Indian Doctors and Nurses Are the Backbone of Global Health Systems, Says OECD Report

A new report by the Organisation for Economic Co‑operation and Development (OECD) titled International Migration Outlook 2025 highlights a striking reality: Indian-origin doctors and nurses have become indispensable to the health systems of many advanced economies.

Key Findings

  • India is now the single largest source of migrant doctors working across OECD member nations, and the second-largest source of migrant nurses.
  • In the 2020-21 period, around 98,857 Indian-born doctors were employed in OECD countries — a 76 % increase since 2000-01. Over 122,400 Indian-born nurses were working abroad in those nations, marking a rise of about 435 % over the same period.
  • The report points out that migrant health professionals now make up roughly one-quarter of the doctors and one-sixth of the nurses in OECD countries.

What’s Driving the Trend?
The report attributes this surge in Indian health professionals working abroad to several factors:

  • A large medical education system in India that produces many doctors and nurses
  • Proficiency in English among many Indian-trained professionals, which helps in global employment.
  • Active recruitment by developed countries, and migration pathways that favour health-care professionals.

Implications: Lifeline and Vulnerability
While the role of Indian-origin health workers is a lifeline for many health systems, the OECD report emphasises that there is also a potential vulnerability in this dependence.
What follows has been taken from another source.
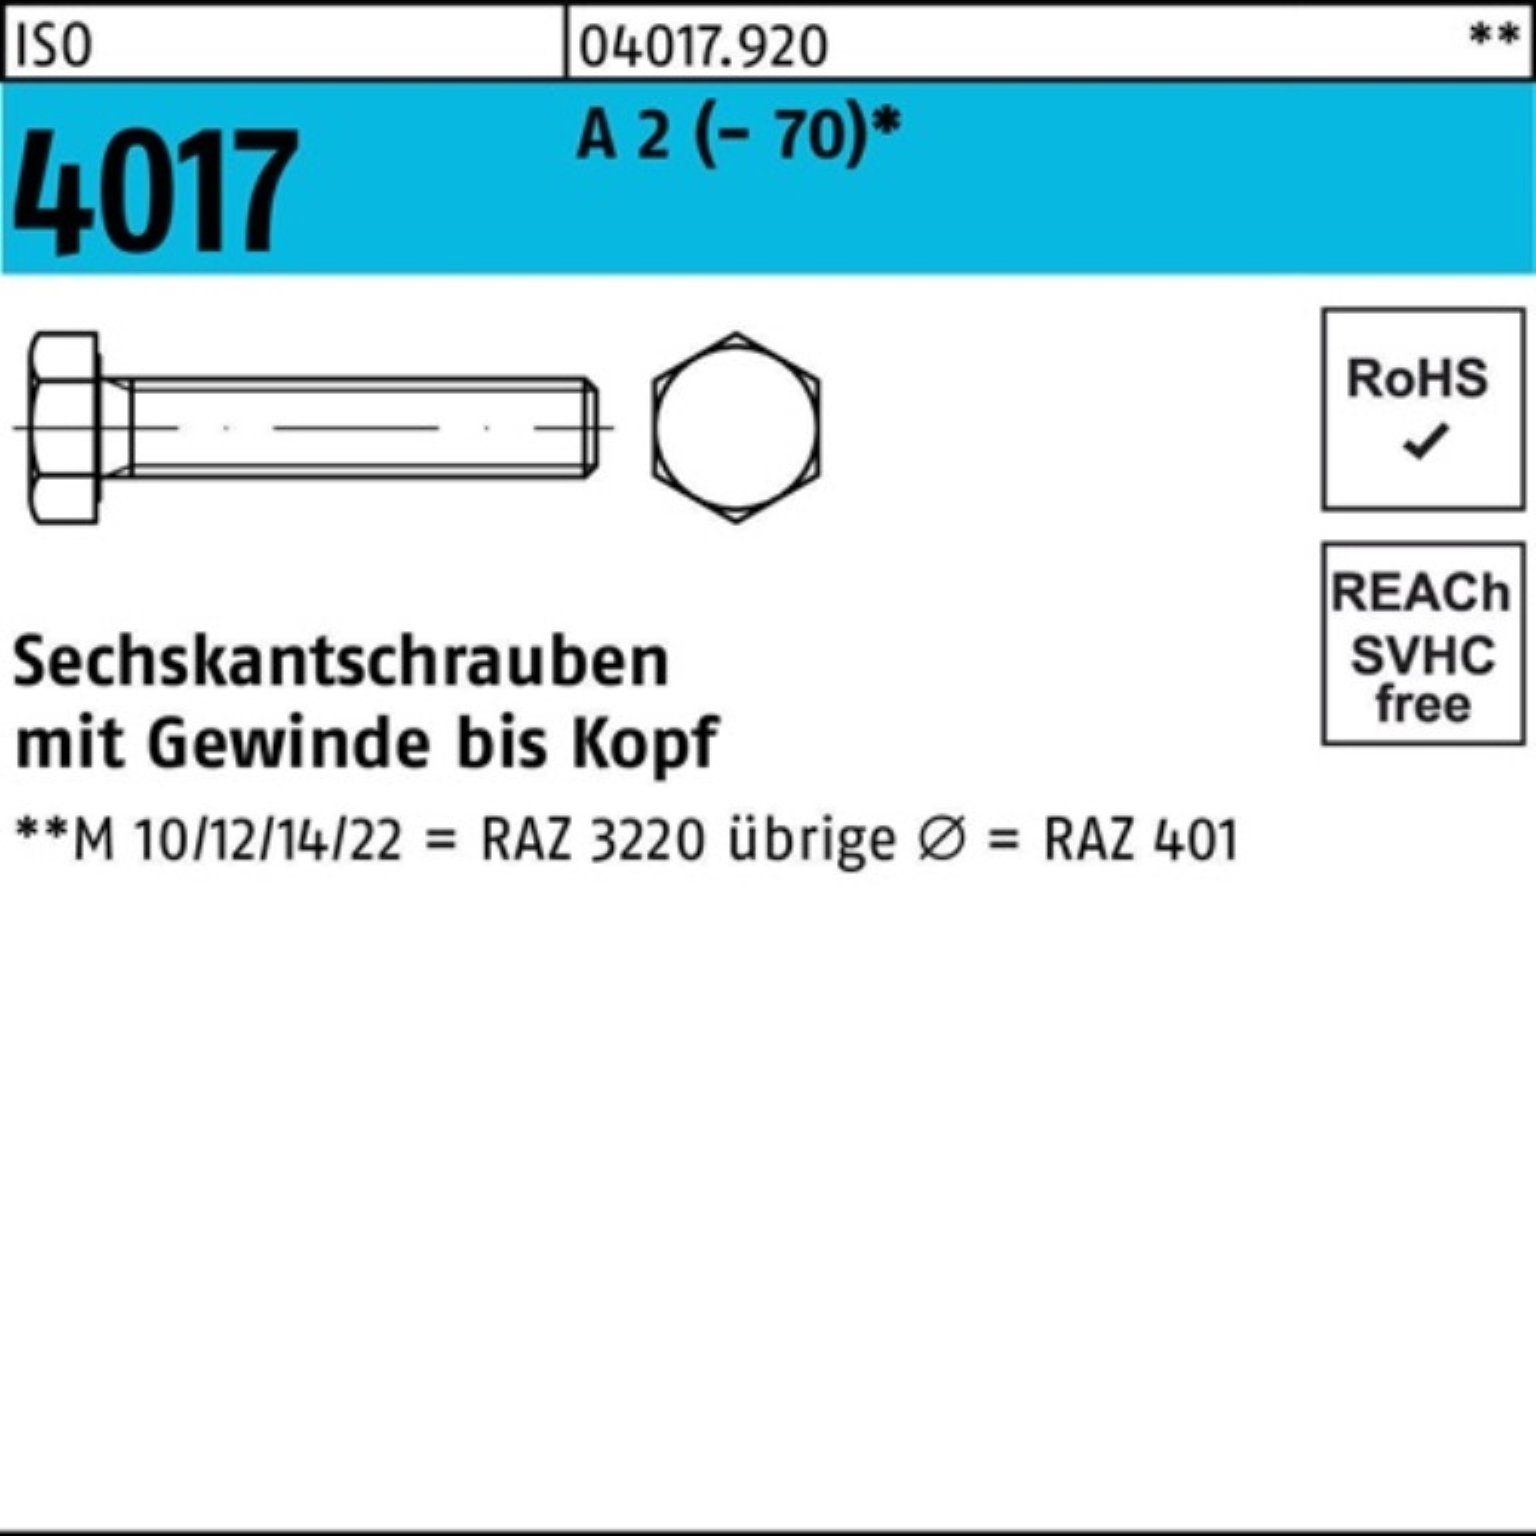 Bufab Sechskantschraube 100er Pack Sechskantschraube ISO 4017 VG M30x 150 A 2 (70) 1 Stück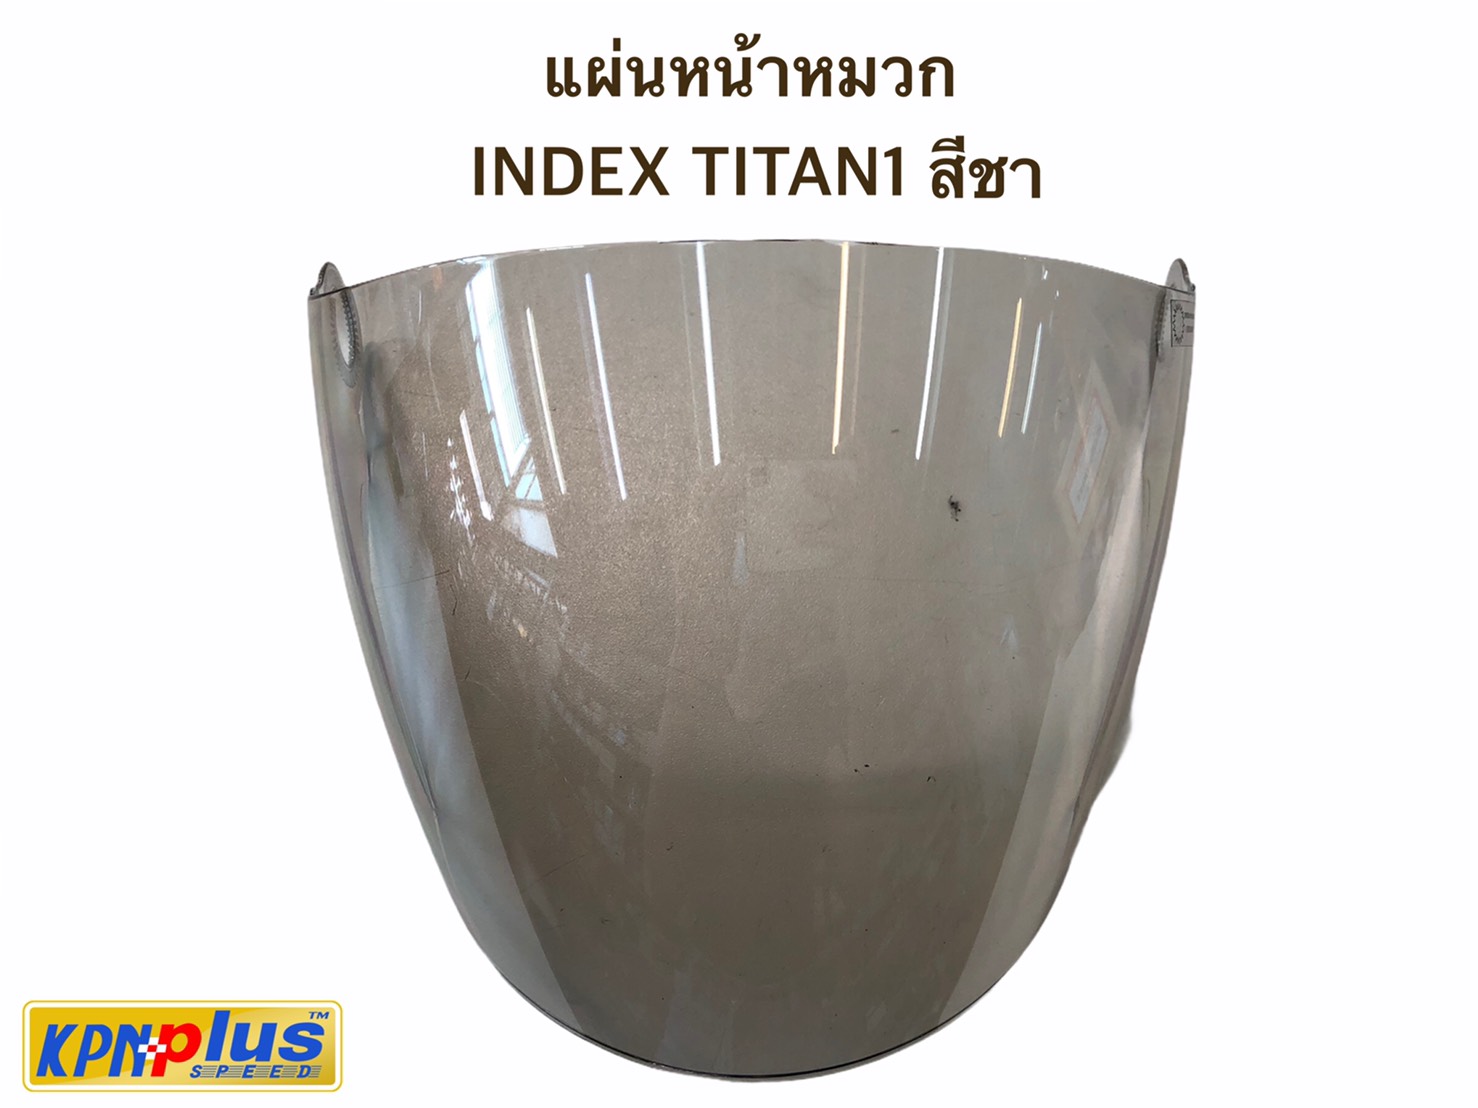 แผ่นหน้าหมวก INDEX TITAN1 สีชา

Structural shortages of doctors and nurses in many advanced nations mean that reliance on foreign-trained professionals is not just a stop-gap.

At the same time, the report raises concerns about the “brain-drain” effect for India: a country that itself remains on the World Health Organization’s Health Workforce Support and Safeguards List — designating nations already facing critical workforce shortages.

Country-Specific Highlights

  • In the United Kingdom, there were 17,250 Indian-trained doctors, which represented 23 % of all foreign-trained doctors in the NHS system. 
  • In the United States, around 16,800 India-trained doctors were recorded, making up approximately 8 % of the foreign-trained doctor workforce. 
  • For nurses, India-trained professionals also had a strong presence: for example, 55,000 in the U.S., 7,000 in Canada and around 8,000 in Australia.

What This Means for India and the World
For advanced economies, Indian-origin health professionals are helping fill critical gaps and keeping care delivery intact. For India, this reflects the global competitiveness of its health-care workforce — but also underscores the challenge of retaining talent at home.

Policymakers must confront dual imperatives: ensuring that destination countries have effective integration and recognition frameworks for migrant health-care professionals, and boosting domestic health-workforce capacities in origin countries like India. The report suggests that delays in licensing and recognition of foreign-trained professionals persist, which undermines the full benefit of migration.

Conclusion
The OECD’s findings shine a spotlight on the global interdependence of health-care systems. Indian doctors and nurses have emerged not just as contributors but as foundational to many developed nations’ health-care delivery. The benefits are clear — yet the challenges remain: retention of talent in India, ensuring fair migration processes, and balancing global need with national capacity. As the world faces increasing health-care demands, the importance of sustainable, ethically managed health-workforce migration grows ever more vital.